Game 1 was played at the Polo Grounds in New York. The game was tied 2-2 in the top of the 8th, but the Indians got Larry Doby on 2nd base and Al Rosen on 1st with nobody out.

Giant manager Leo Durocher pulled starting pitcher Sal Maglie, and brought in Don Liddle, a lefthander, to face the lefty slugger Vic Wertz, and only Wertz. Somehow, this got into Joe Torre's head (despite being a native of Brooklyn, Torre says he grew up as a Giants fan) and into Joe Girardi's binder (Girardi wasn't even born for another 10 years).

Liddle pitched, and Wertz swung, and drove the ball out to center field. The Polo Grounds was shaped more like a football stadium, so its foul poles were incredibly close: 279 feet to left field and 257 to right.
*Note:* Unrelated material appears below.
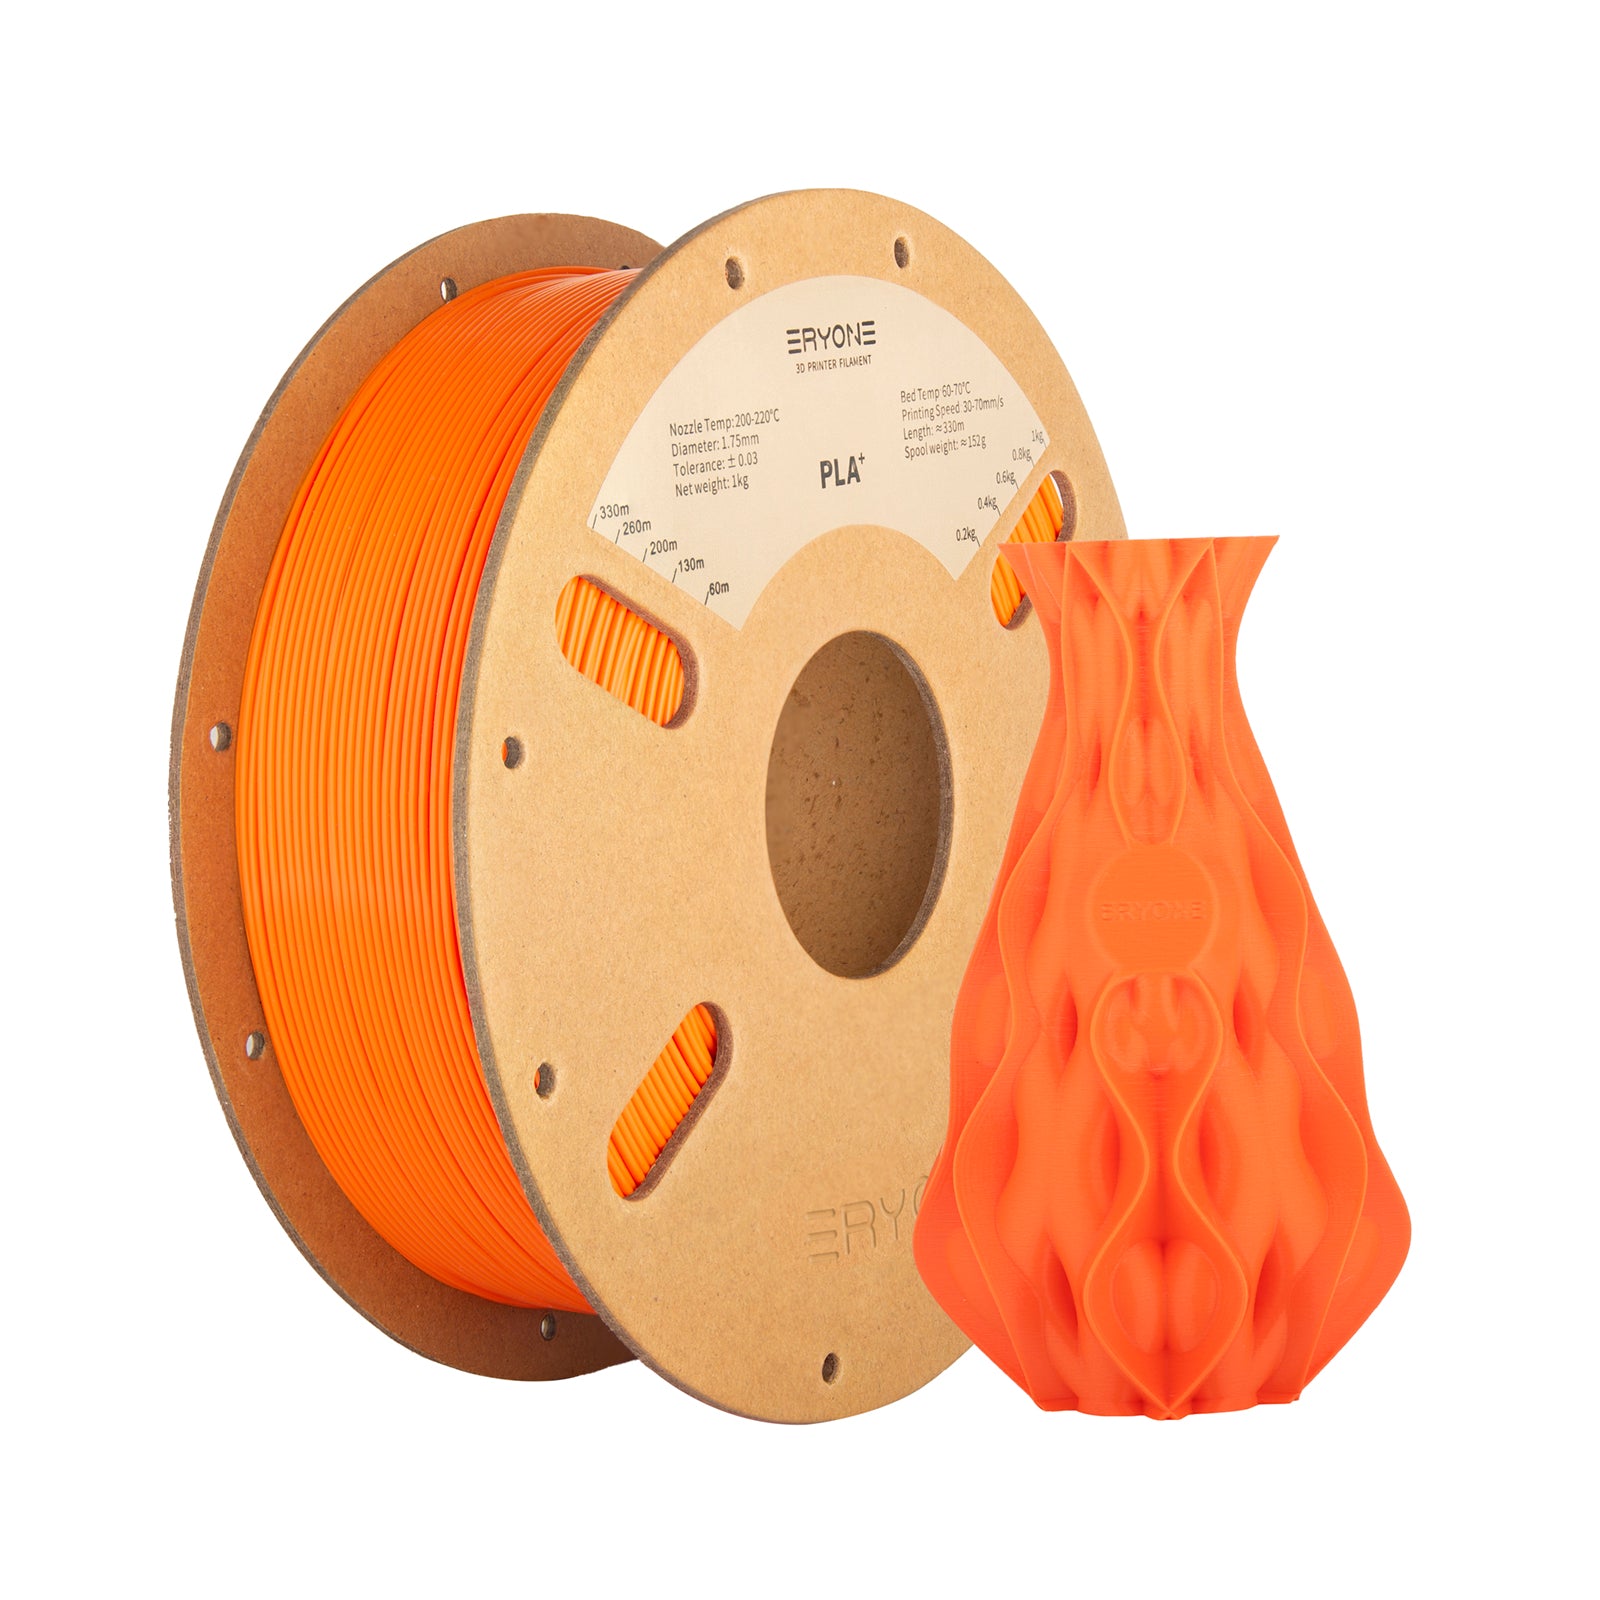 Filament PLA mat ERYONE pour 3D Imprimante

In addition, the upper deck overhung the field a little, so the distances were actually even closer. But if you didn't pull the ball, it was going to stay in play. Most of the center field fence was 425 feet from home plate. A recess in center field, leading to a blockhouse that served as both teams' clubhouses -- why they were in center field, instead of under the stands, connected to the dugouts, is a mystery a long-dead architect will have to answer -- was 483 feet away.
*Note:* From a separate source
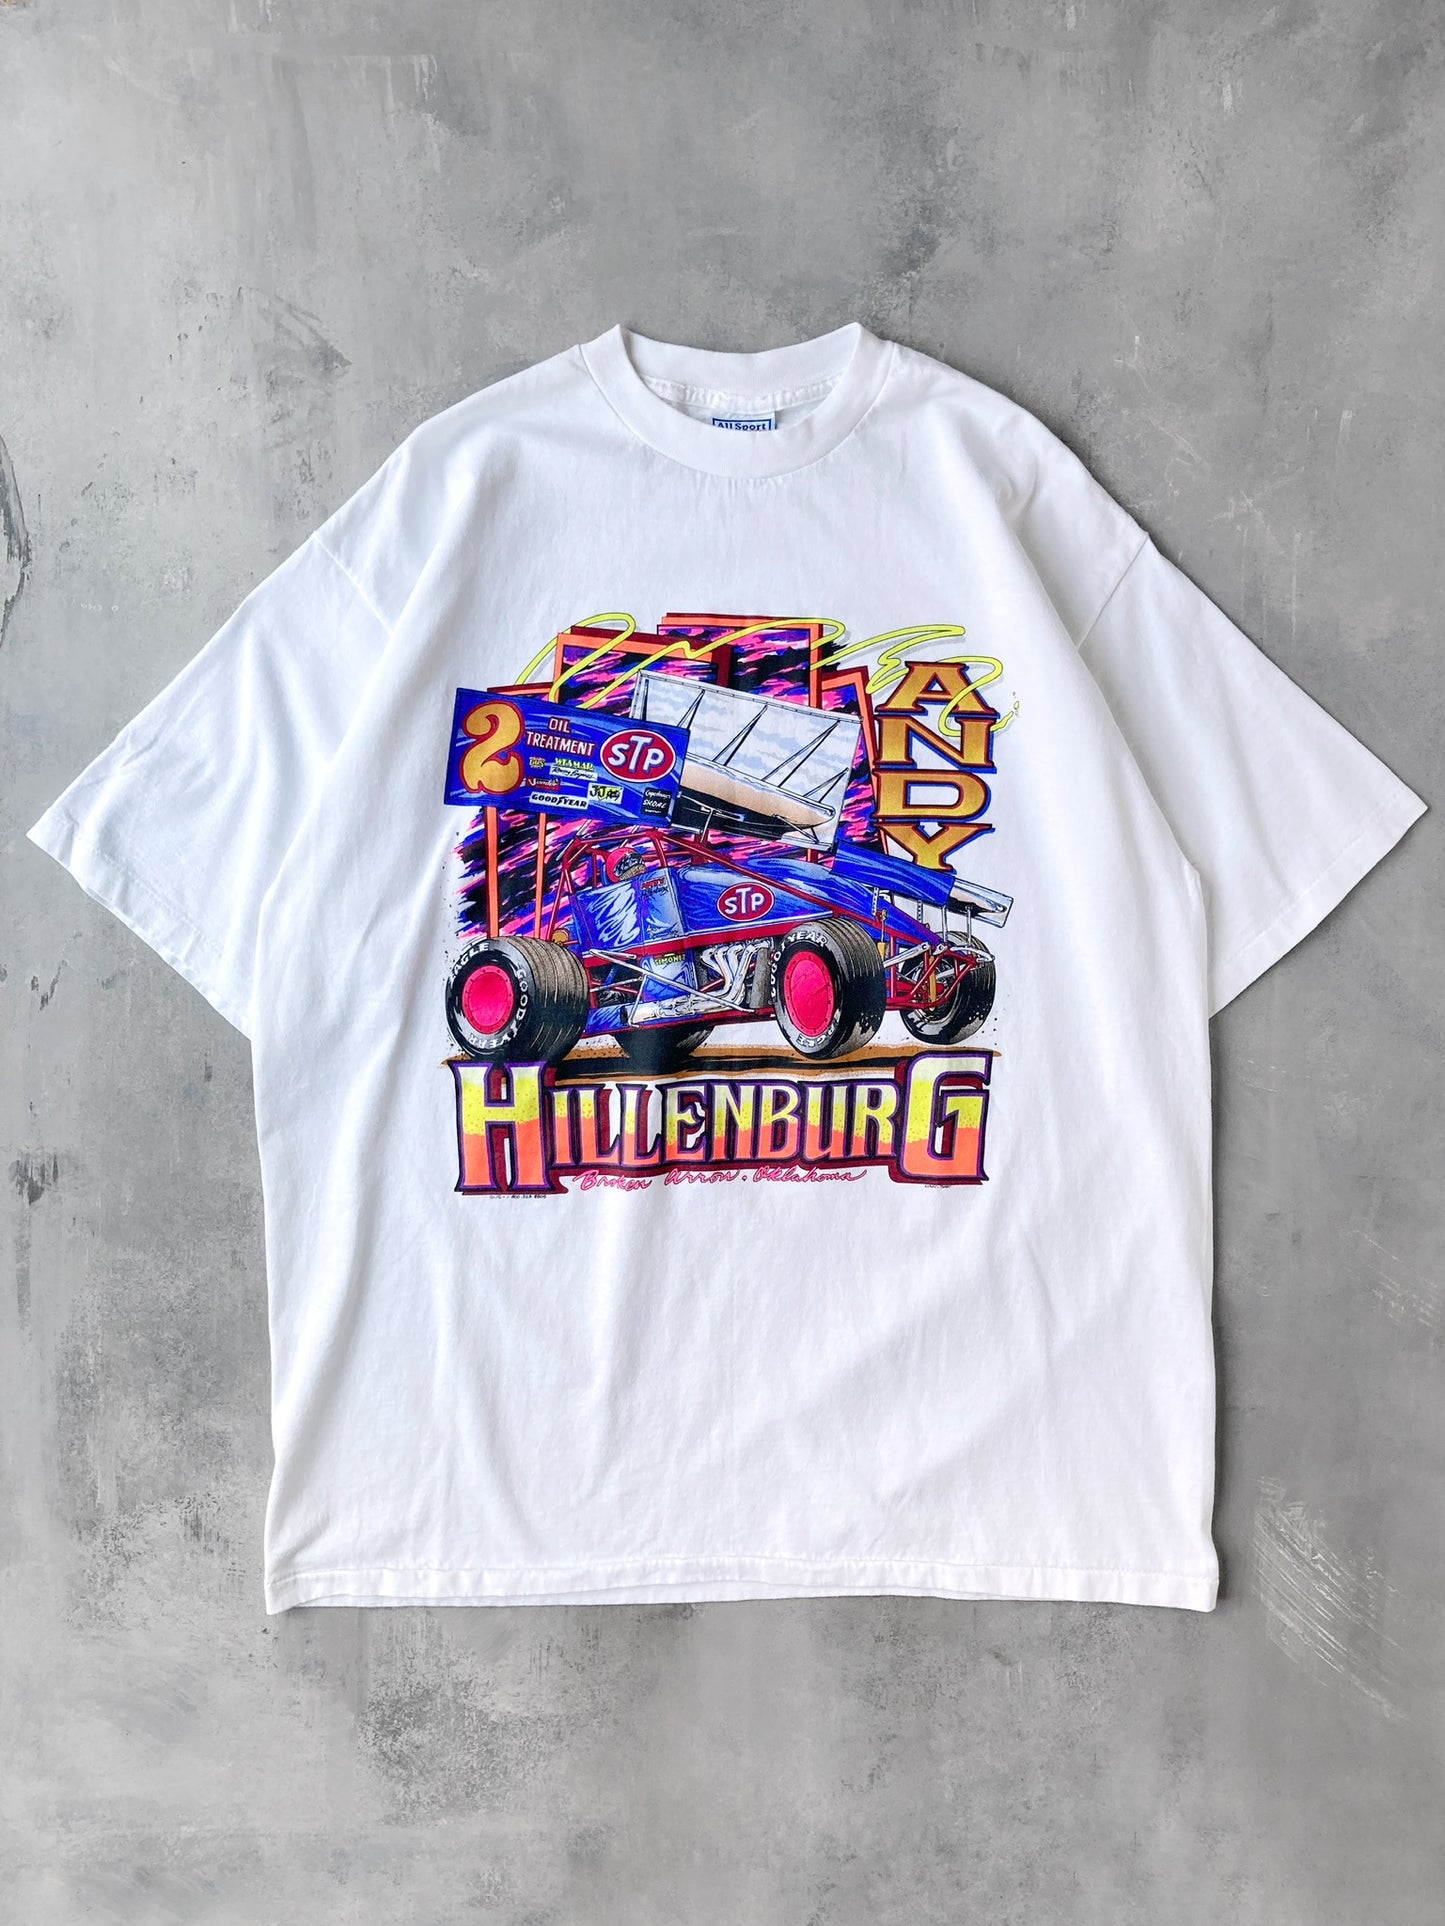 Sprint Racing T-Shirt 90's - XL

Mays, at this point in his career, was already a big star. Just 23 years old, he had won that season's NL batting title. He had been NL Rookie of the Year in 1951, but had missed most of the 1952 season and all of 1953 serving in the U.S. Army, having been drafted into service in the Korean War. He had become known for playing stickball in the streets of Harlem with local boys in the morning, and then going off to the Polo Grounds to play real baseball in the afternoon. This raised his profile, and made him an accessible figure to City kids. His cap flying off as he ran around the bases, his defensive wizardry, and his yelling of, "Say hey!" endeared him to Giant fans.
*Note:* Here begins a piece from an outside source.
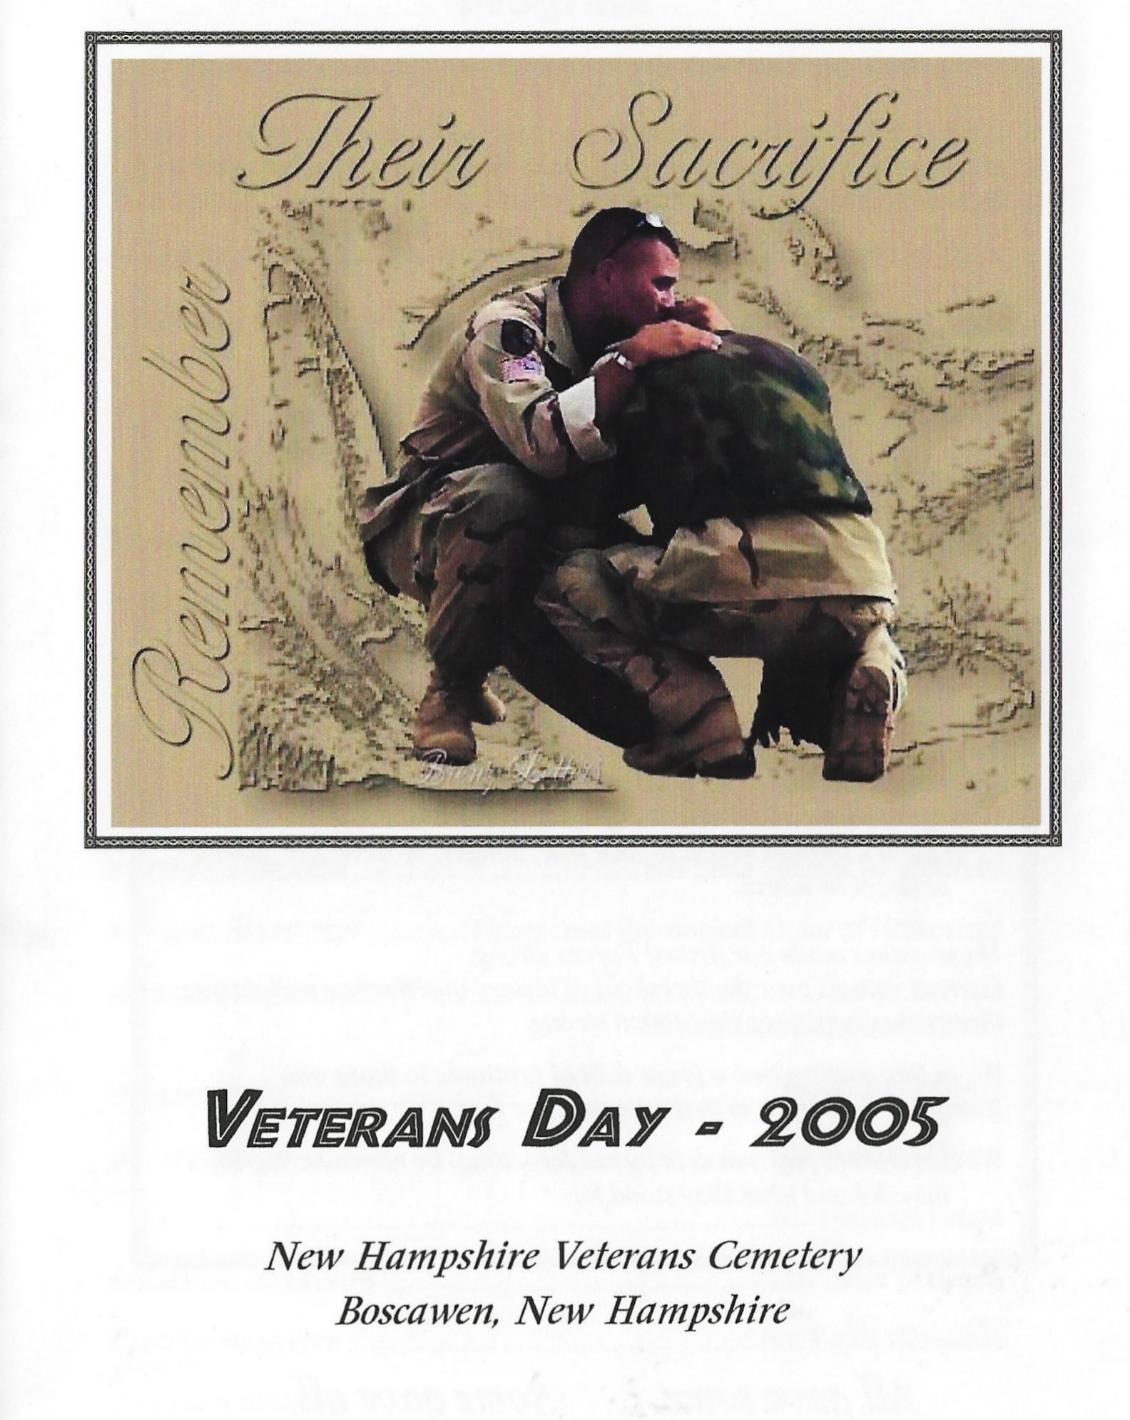 Veterans Day Program - November 11 2005 NH State Veterans Cemetery

While he made the "basket catch" nationally popular, he didn't invent it. In fact, he wasn't even the 1st Giant to use it, as 3rd baseman Bill Rigney, who would succeed Durocher as manager in 1956, was using it in the 1940s.

Even so, the days when the Giants were the team in New York sports were long gone, this week's events notwithstanding. At this moment, Mays was, in the public consciousness, where Babe Ruth was in May 1920, where Joe DiMaggio and Ted Williams were in May 1941, where Mickey Mantle was in May 1956, where Reggie Jackson was in September 1977, where Roger Clemens was in April 1986, where Derek Jeter was in September 1996, where David Ortiz was in September 2004: A star, well-known and popular, but not yet a legend.

Mays ran back to try to catch the ball. In mid-stride, he thumped his fist into his mitt. His teammates, who had seen this gesture before, knew that this meant that he thought he would catch it. But most fans, who didn't watch him every day, didn't know this. Watching on television (NBC, Channel 4 in New York), they figured the ball would go over his head, scoring Doby and Rosen, and that Wertz, not exactly fleet of foot, had a chance at a triple, or even an inside-the-park home run.

Willie has said many times that he was already thinking of the throw back to the infield, hoping to hold Doby to only 3rd base.

With his back to the ball all the way, he caught the ball over his head, stopped, pivoted, and threw the ball back to the infield. Doby did get only to 3rd.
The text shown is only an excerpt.